Guidance is informative, not enforcement. A nil pointer means the chunk's path did not match any policy rule.
type PRRef ¶
type PRRef struct {
Number int `json:"number"`
Title string `json:"title"`
MergedAtUTC string `json:"merged_at_utc,omitempty"`
}
PRRef records a PR that touched a chunk's file or symbol. Stored as JSON in the recent_prs column; the temporal slicing key (MergedAtUTC) lets query-time filtering exclude PRs merged after a cutoff.
type Stats ¶
type Stats struct {
ChunkCount int `json:"chunk_count"`
EmbeddingModel string `json:"embedding_model"`
EmbeddingDim int `json:"embedding_dim"`
IndexedHead string `json:"indexed_head"`
BuiltAt string `json:"built_at"`
SchemaVersion string `json:"schema_version"`
}
Stats reports index health. Returned by VectorStore.Stats and surfaced via the MCP `cks.ops.health` tool.
type SymbolKind ¶
type SymbolKind string
SymbolKind enumerates the AST node kinds CKV chunks against. Stored as a plain string for forward-compatibility with new languages.
const ( KindFunction SymbolKind = "Function" KindMethod SymbolKind = "Method" KindType SymbolKind = "Type" KindStruct SymbolKind = "Struct" KindInterface SymbolKind = "Interface" KindContract SymbolKind = "Contract" // Solidity KindEvent SymbolKind = "Event" // Solidity (TBD) KindModifier SymbolKind = "Modifier" // Solidity (TBD) KindFileHeader SymbolKind = "FileHeader" // Markdown indexing kinds. // Each heading-bounded section in a *.md / *.markdown file becomes one // SymbolSpan; the chunker emits a chunk per span so "왜 X 결정했나" style // queries can hit a specific decision section. KindDocSection SymbolKind = "DocSection" // markdown heading section KindADRSection SymbolKind = "ADRSection" // ADR-* / docs/adr/* markdown sections )
type VectorStore ¶
type VectorStore interface {
// Upsert inserts or replaces chunks keyed by Chunk.ID. The vector is
// derived from chunk.Text via the configured Embedder before calling.
// Note the (chunk, embedding) pairing is positional and equal-length.
Upsert(ctx context.Context, chunks []Chunk, embeddings [][]float32) error
// DeleteByFile removes every chunk whose File equals path.
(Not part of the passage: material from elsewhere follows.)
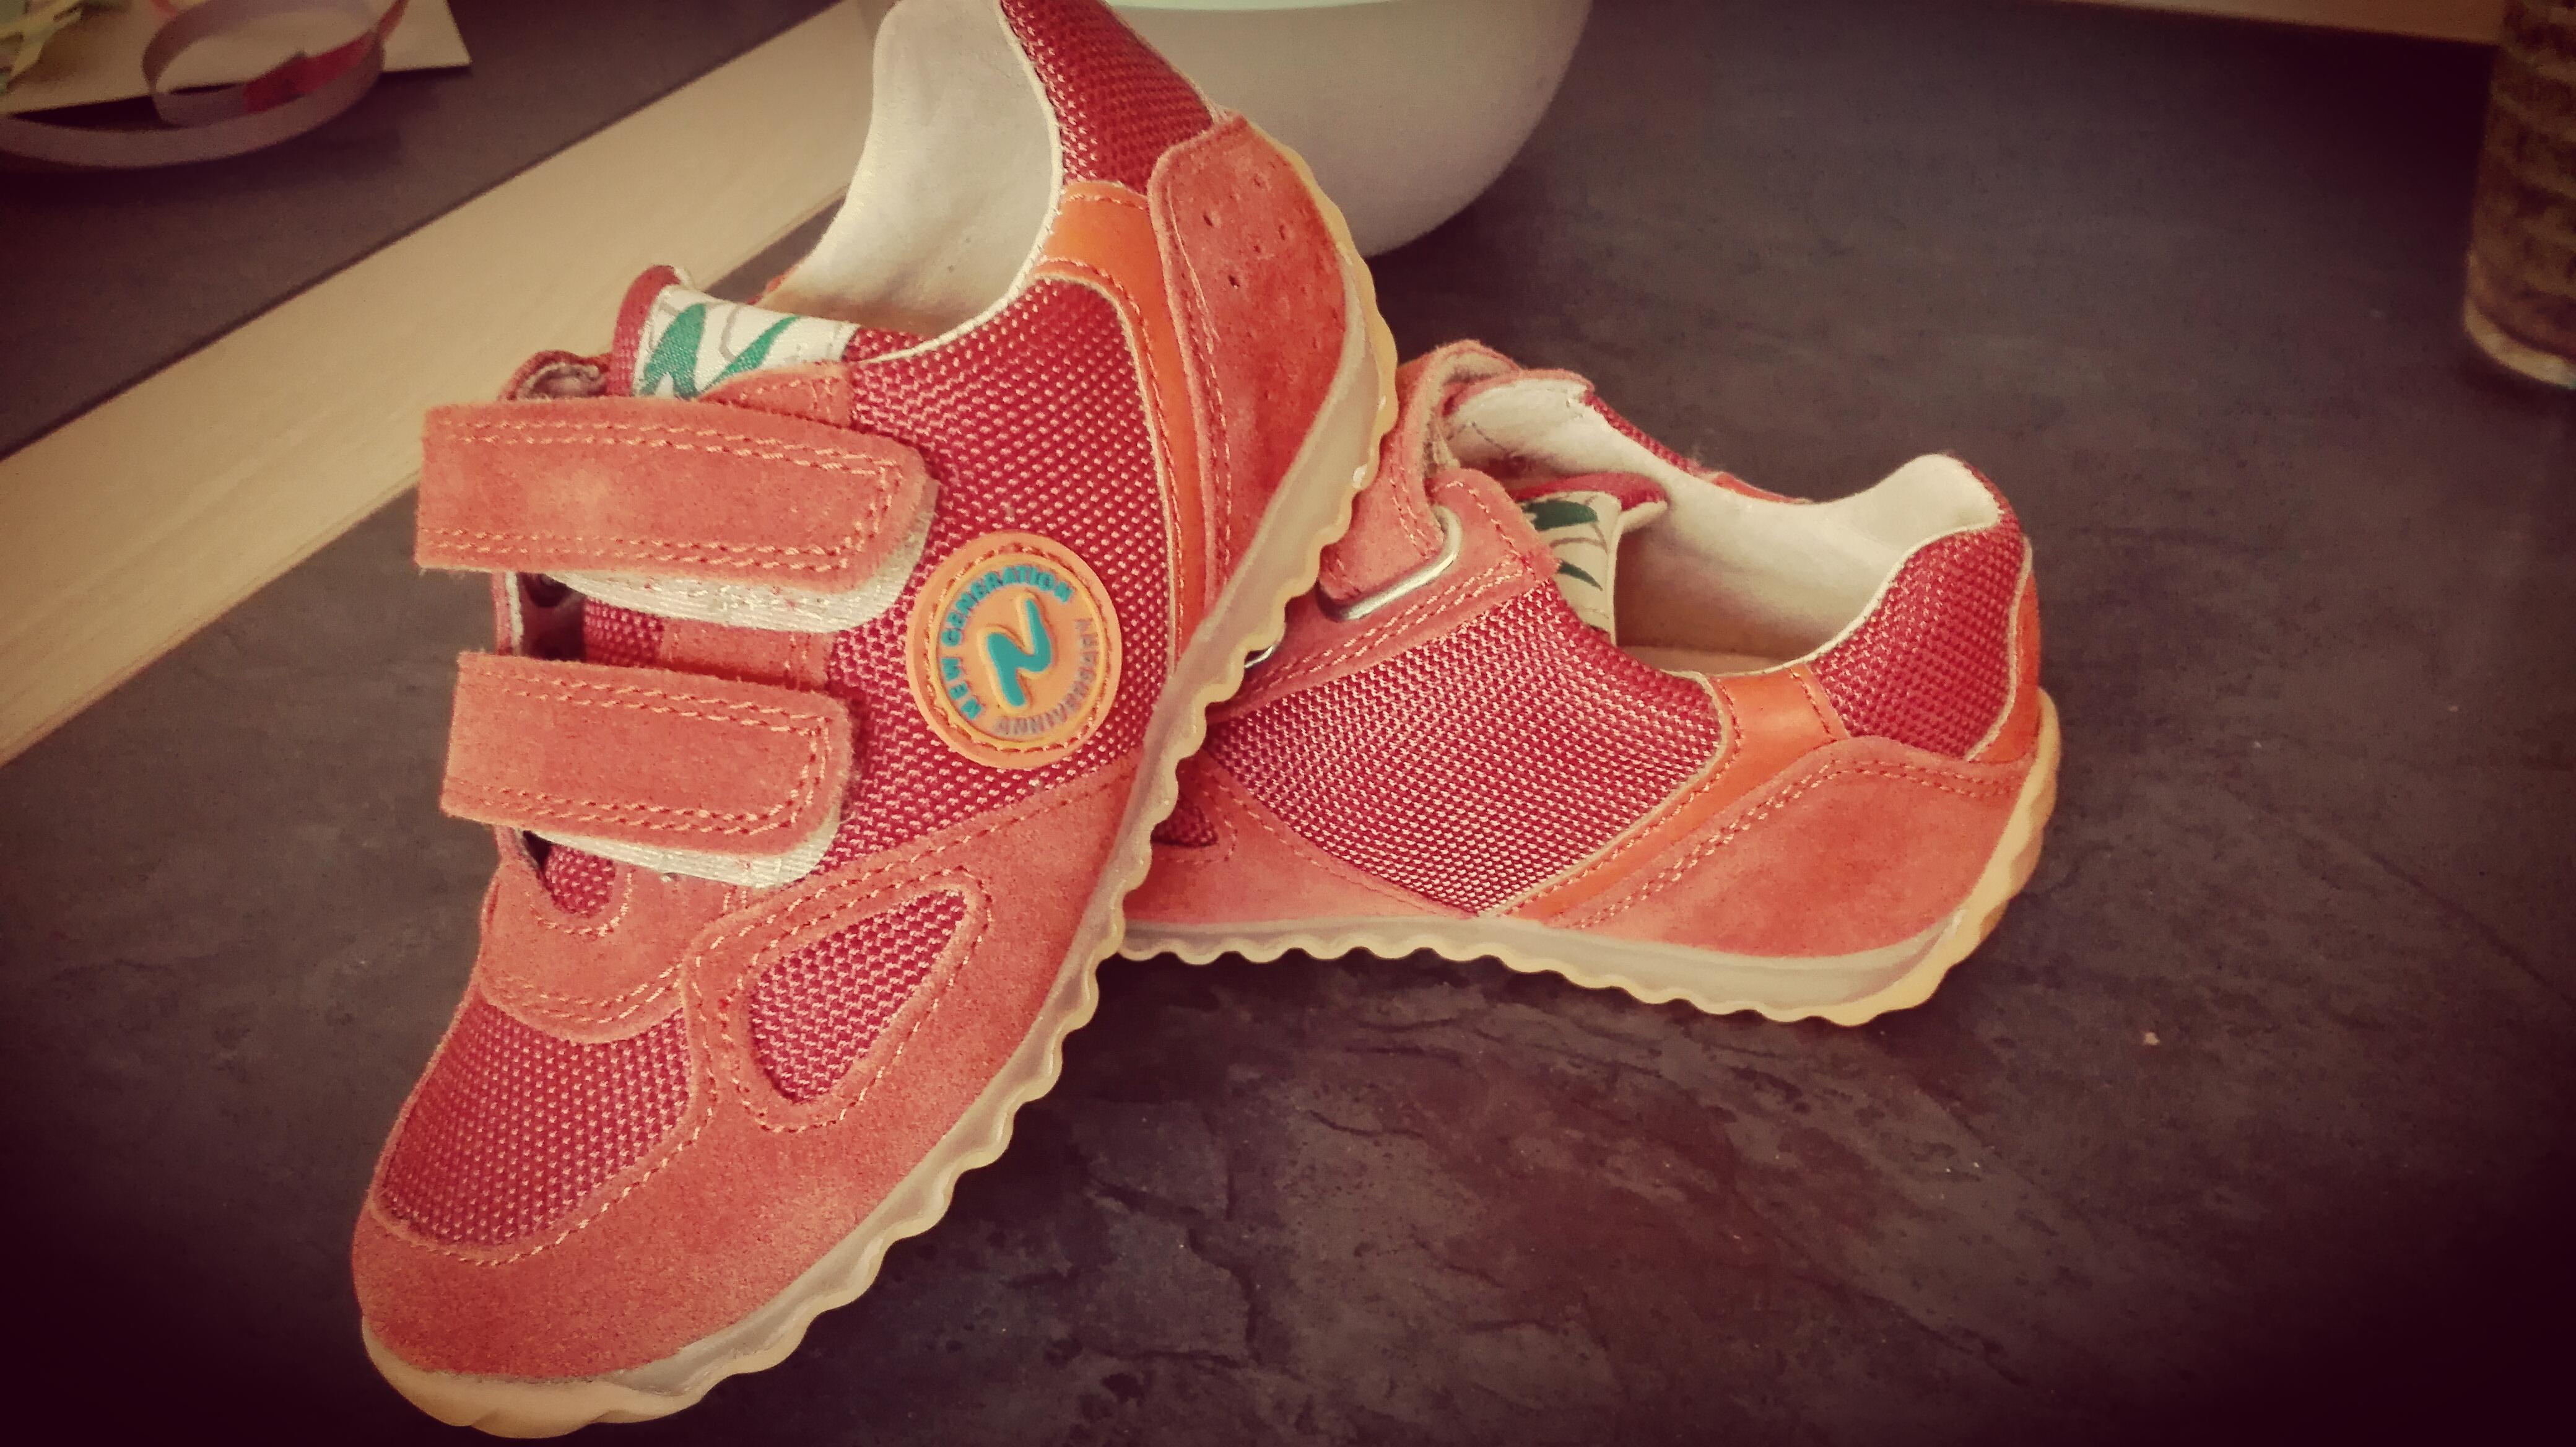 naturino - kinderschoenen - kleurrijk - kleuter - peuter - lekker inlopen - nanny annelon - review - leer- goed voetenbed - stevig - klittenband3

Used by
// the incremental indexer and by the file-rename safety path.
DeleteByFile(ctx context.Context, path string) error
// Search returns the top-k nearest chunks under cosine distance,
// post-filtered by `filter`. k is the desired result count; the
// implementation may over-fetch (e.g. 3*k) for re-rank head-room.
Search(ctx context.Context, query []float32, k int, filter Filter) ([]Hit, error)
// Stats reports indexed counts and the embedding model identity
// stored at build time. Cheap (single SQL roundtrip).
Stats(ctx context.Context) (Stats, error)
// Close releases the backing handle. Idempotent.
Close() error
}
VectorStore is the persistence + ANN search surface. Implementations:
- internal/store/sqlitevec — SQLite + vec0 virtual table
- internal/store/memory — in-RAM map (tests + dev loop)
All methods are safe to call from a single goroutine; concurrent callers must serialize themselves (the indexer pipeline is sequential per file).